Abstract

INTRODUCTION: Prediction of delivery latency complicated with preterm premature rupture of membrane (PPROM) is important for reducing maternal and neonatal complications. However, no studies have correlated parameters including amniotic fluid index, single deepest pocket, transvaginal cervical length, and C-reactive protein as predictive of the latency interval to delivery. We investigated the latency period from PPROM to delivery according to above parameters and predicted delivery latency using cutoff values of these parameters. METHODS: The retrospective study was performed on 121 PPROM patients enrolled between March 2010 and July 2015. Measurements including amniotic fluid index, single deepest pocket, transvaginal cervical length, and C-reactive protein were made in 99 singleton pregnancies with PPROM. Latency was defined as the period from sonographic measurements to delivery day. RESULTS: Gestational age at delivery, body mass index, amniotic fluid index, single deepest pocket, and transvaginal cervical length had significant differences according to delivery latency at 3 days.
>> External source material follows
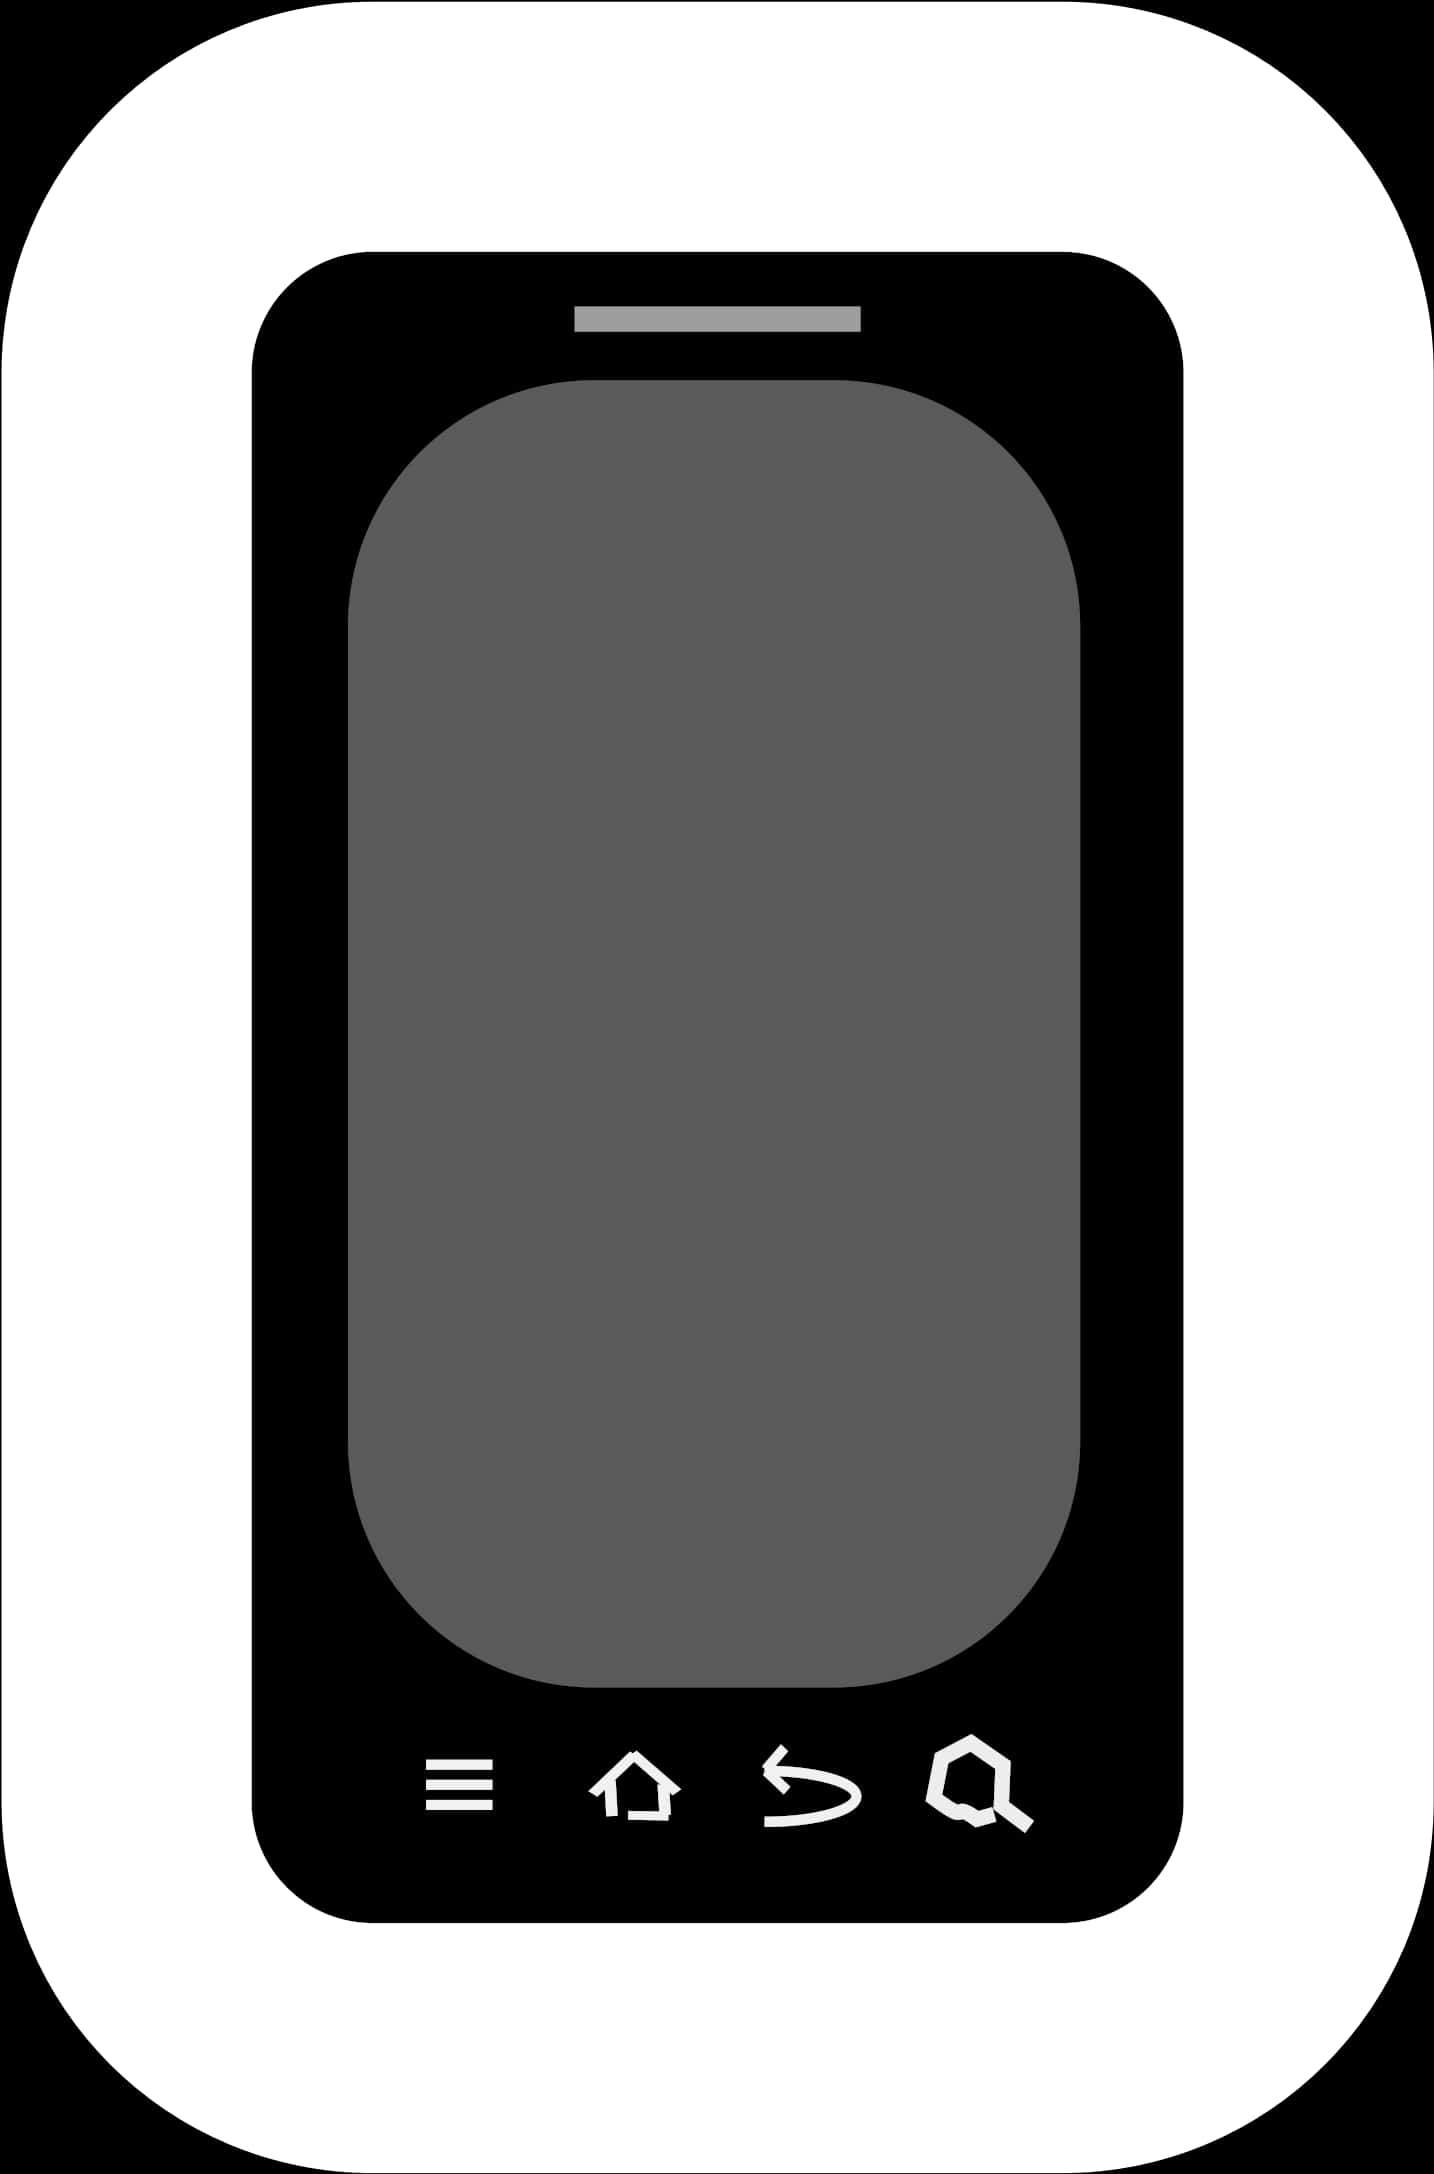 A Black Rectangular Object With A Grey Screen

The median gestational age at delivery, amniotic fluid index, and single deepest pocket were lower, and transvaginal cervical length was significantly shorter in delivery latency within 3 days. Amniotic fluid index and single deepest pocket had the highest sensitivity (82.2%) and single deepest pocket combined with transvaginal cervical length showed the highest specificity (75.9%) and area under curve value. A predicted median latency period was less than 2 days within the cutoff value of parameter. CONCLUSION: Amniotic fluid index and single deepest pocket combined with or without transvaginal cervical length could be useful predictive parameters of the latency period from PPROM to delivery.